AUGUST – DECEMBER 2022
This series follows on from the suburban landscapes of GARDEN PATH, to a lesser extent PLACE HOLDERS. This time the focus is on the peculiar pruning of trees in the street to accommodate power cables. I do not know if this is done elsewhere but it is common throughout the Melbourne metropolitan area. It may be just a local measure, a compromise between additional cable loading on overhead lines (particularly for pay-TV) and commitments to green spaces and public safety. A more effective and expensive option would have been to put all cables underground, but clearly the funds were not there for local government and big business partners. So what we have is a distinctive cultivation or gardening for local suburbia, one that alludes to overriding commercial priorities, perhaps overheads in general.

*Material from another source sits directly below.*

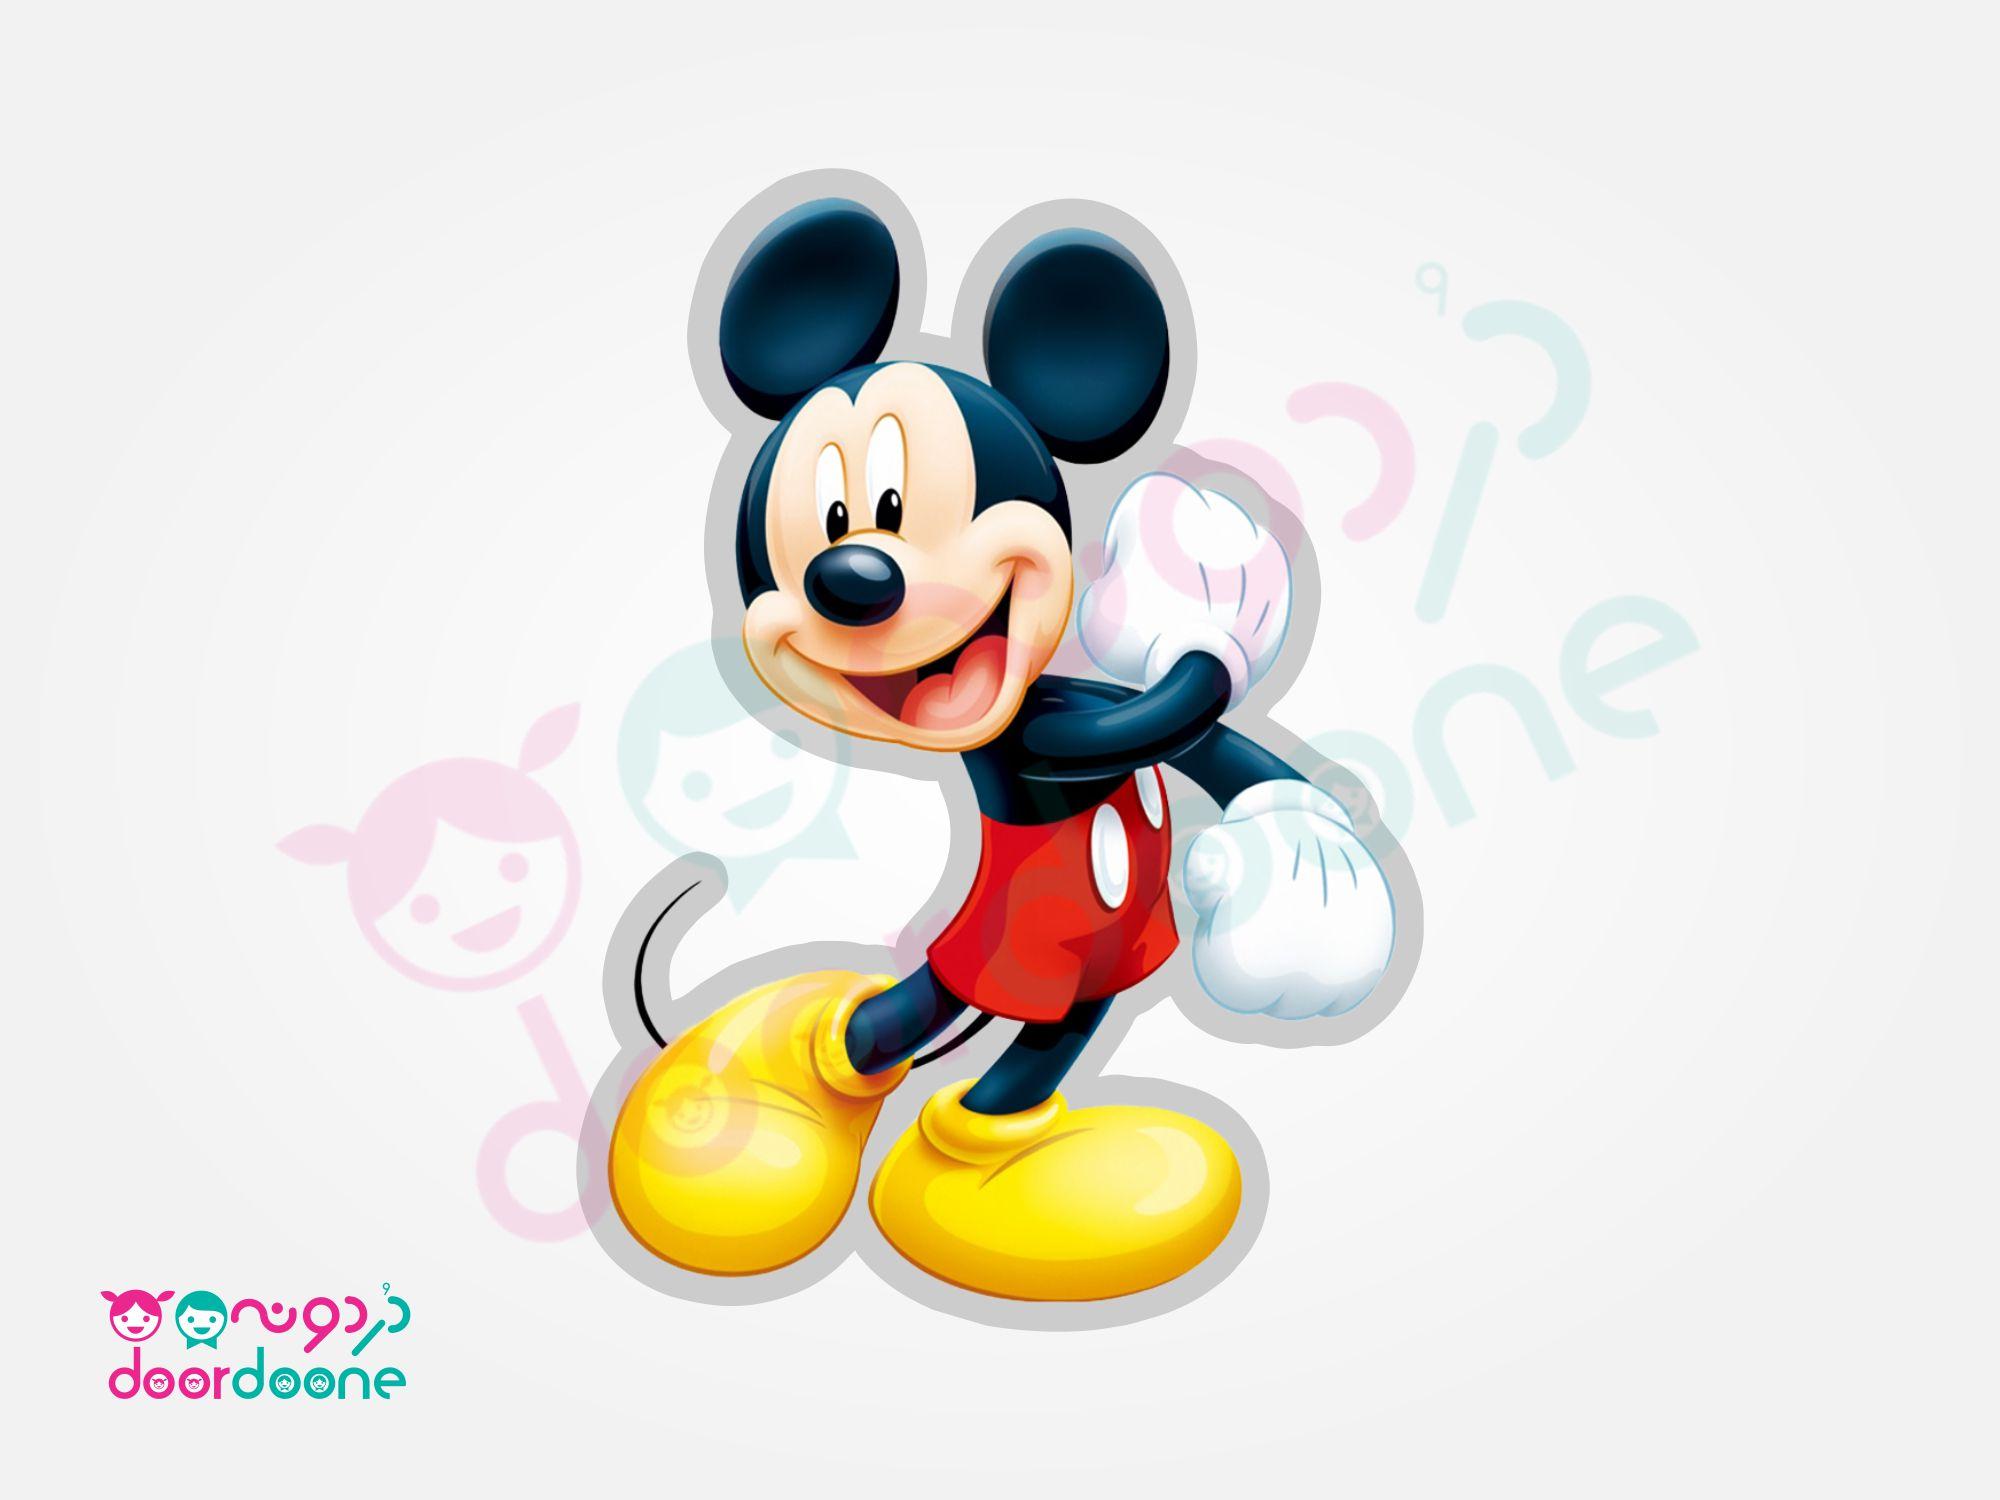 استند ميکی ماوس (Mikey Mouse) - ارتفاع 35 سانتيمتر
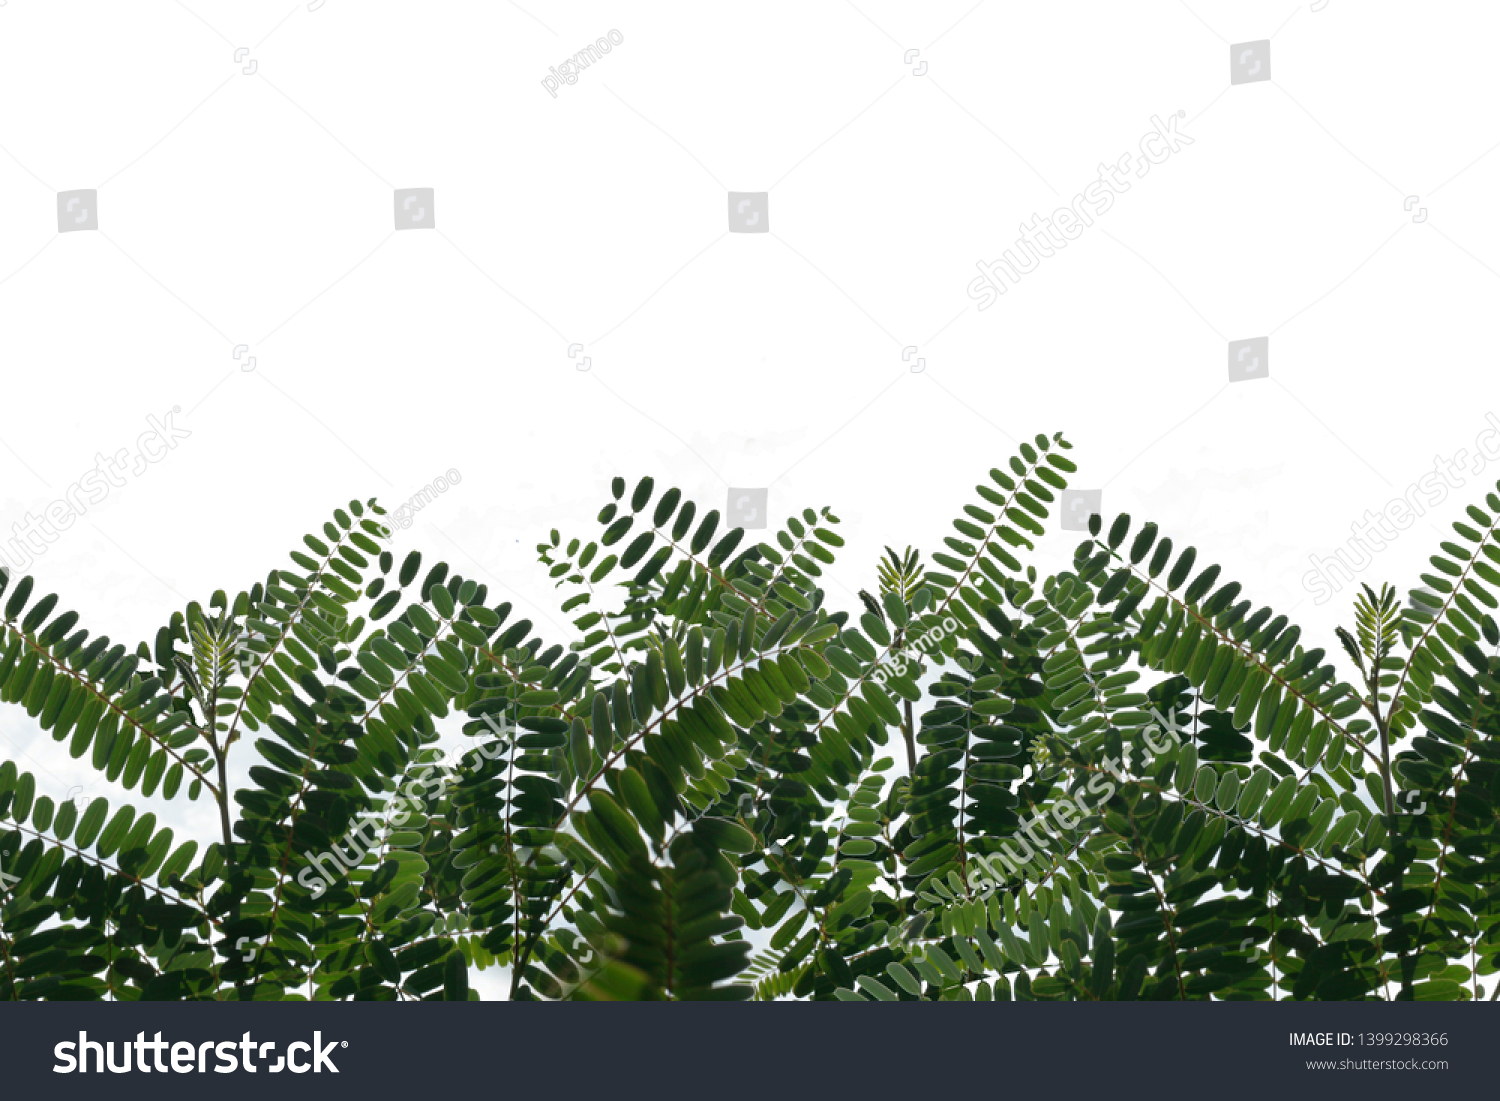 White foliage background and foliage #1399298366

The aim was firstly to demonstrate that such trees were not eccentric or exceptional to their situation but consistent with a civic practice. Many instances would obviously support this, but it also raises the issue of how they are to be documented or pictured and with that, issues of framing and perspective, time of day or season and other circumstances. Then there are distinctly photographic issues of depth-of-field, exposure, motion and record platform (digital or analogue). All become factors. In short they introduce a class or sort of picture. The same tree may appear quite normal or natural from other angles, in other circumstances. In order to highlight salient features one must construct or convert a sort of picture. Just as many specimens confirm a general practice, so too, many versions of a suitable picture help to define a consistent pictorial subject.
Echoing prior work then, we have the tree that confirms a picture and the picture that confirms a tree. The series may be modest in scope but reminds us of nature’s ongoing construction.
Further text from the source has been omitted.